Must enable date partition inference (e.g., day=2025-04-15).
Should write to the zebra_fish_demo database.

We will need to run the crawlers after each new upload to reflect schema changes or new partitions.

Observation Data Crawler

Go to the console → Data Catalog → Crawlers → Add Crawler. Add a S3 data source: e.g. s3://my-data-bucket/use-cases/fish-demo/observations. In the next step let AWS create a new IAM role, e.g. AWSGlueServiceRole-fish-demo. Choose the earlier created zebra_fish_demo DB as Target database and choose to run the crawler on demand. Create the crawler and run it, this action should take about a minute to complete.

Glue will now scan our data and infer the schema. It will not copy or store the data anywhere, but only list it in the catalog. Next we will use AWS Athena to serverlessly query our data. Open the Athena query editor → Choose AwsDataCatalog as Data Source → zebra_fish_demo as Database. We can then run the following SQL query.

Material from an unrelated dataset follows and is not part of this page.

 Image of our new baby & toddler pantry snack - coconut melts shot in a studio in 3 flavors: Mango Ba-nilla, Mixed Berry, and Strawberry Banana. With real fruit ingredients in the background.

SELECT * FROM "zebra_fish_demo"."observations" limit 10;

This should give you a result with 10 rows and the columns: fish_id image_id timestamp age_days treatment genetic_markers length_mm sex day

Outcomes Data Crawler

Create the crawler the same way for source s3://my-data-bucket/use-cases/fish-demo/outcomes. You can use the same AWSGlueServiceRole-fish-demo IAM role, but will need to update it’s permissions to also include the /outcomes/* prefix. Note that the outcomes data files contain multiple json object per file whereas the observations each contain a single object. The glue crawler will still handle that fine.

Running

SELECT * FROM "zebra_fish_demo"."outcomes" limit 3;

will result in a table like:

#	fish_id	condition_developed	day
1	zfish_00015	true	2025-05-09
2	zfish_00016	false	2025-05-09
3	zfish_00017	false	2025-05-09

Here’s the fully rewritten Transformation section of your blog article, incorporating your shift to AWS Glue ETL and addressing the critical technical decisions and justifications:

Transformation: Rolling ETL with AWS Glue and Apache Hudi

After cataloging our structured observation and outcome data using AWS Glue Crawlers, we need to prepare a clean and efficient dataset for machine learning.

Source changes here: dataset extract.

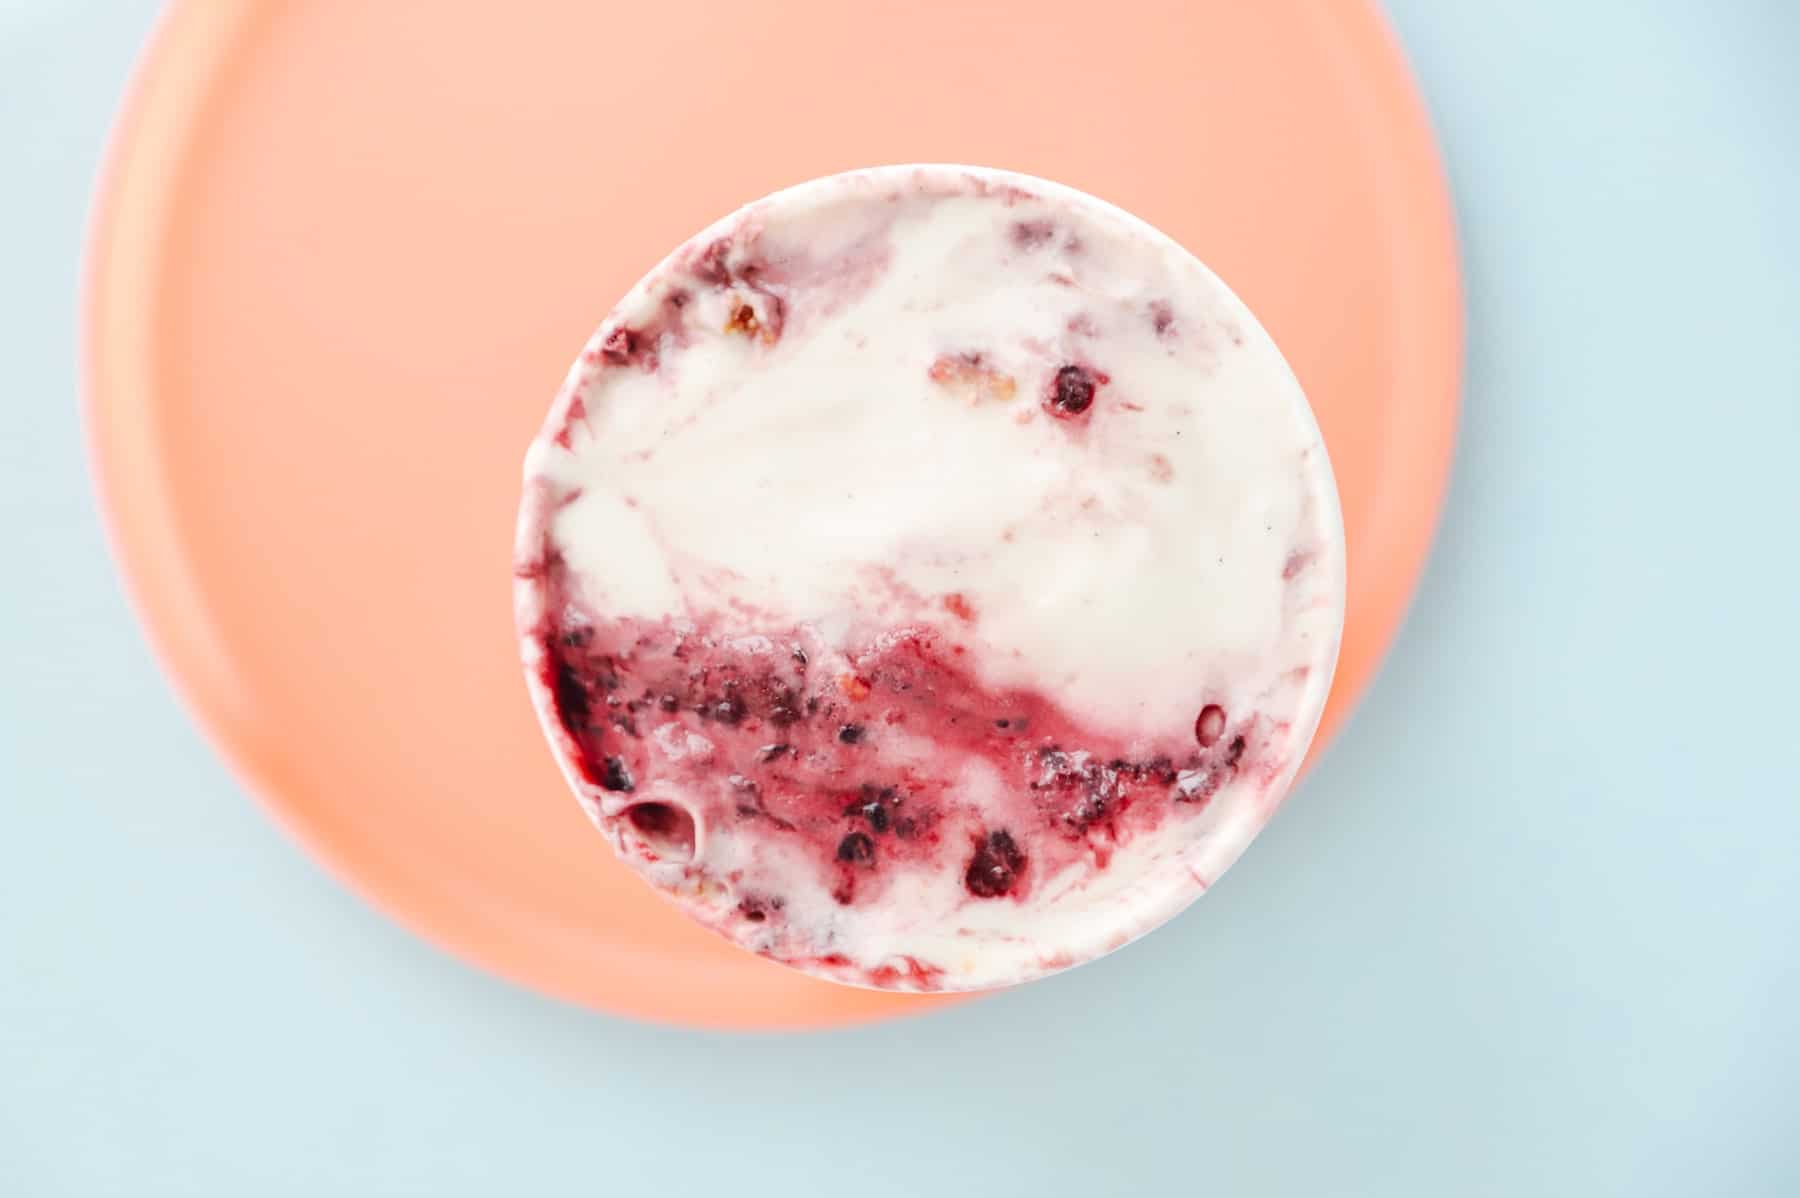 Close up of yogurt with blueberries mixed in on a light blue & pink background

While our raw data is in JSON, machine learning workflows benefit from structured, columnar formats. We use Apache Hudi with AWS Glue ETL to enable transactional upserts, partitioned storage, and time travel — crucial for handling delayed outcome data and evolving records.

Why We Chose AWS Glue ETL + Hudi

AWS Glue DataBrew is great for visual data prep, but lacks the flexibility needed for rolling windows, delayed labels, and idempotent upserts. Glue ETL Jobs using Hudi give us:

The ability to reprocess a time window (e.g., last 36 days) on each run.
Join outcomes as they arrive later, without duplicating existing records.
Efficient, incremental writes with deduplication based on image_id.

ETL Script Highlights

Read the last 100 days of observations.
Join outcomes via fish_id.
Flatten the genetic_markers struct.
Filter to include only labeled data (i.e., condition_developed IS NOT NULL).
Write to Hudi, partitioned by day.

Why Apache Hudi?

This pipeline handles delayed outcome data:

Observations are collected daily.
Outcomes may only be known weeks later.
We want to avoid losing observations due to missing labels initially.

Hudi enables:

Upserts via image_id and timestamp.
Rolling window reprocessing, so outcomes are merged when they arrive.
Efficient S3 writes and Athena queries through partitioned layout.

Key Design Decisions

📆 Controlled Time Window for Simulation

We simulate time with:

end_date = datetime(2025, 5, 10, 18, 0, 0)

This enables reproducible testing. In production, you’d use datetime.utcnow().

🔁 Rolling Reprocessing Window

start_date = end_date - timedelta(days=50)

This ensures older observations can receive their outcomes during reruns. Note that 36 will be sufficient, here, but on the initial run we will need to process all the data so we will need to choose a slightly higher delta.

🔗 Join with Outcomes

joined = observations.join(outcomes, on="fish_id", how="left")

All observations are retained; outcomes are filled in when available.

We filter post-join:

matched = flattened.filter("condition_developed IS NOT NULL")

This prepares a labeled dataset for ML use.

🧬 Flatten Nested Fields

.withColumn("gene_a", col("genetic_markers.gene_a"))

This simplifies downstream ML modeling and is also required to create the Avro schema, which hudi will do for us.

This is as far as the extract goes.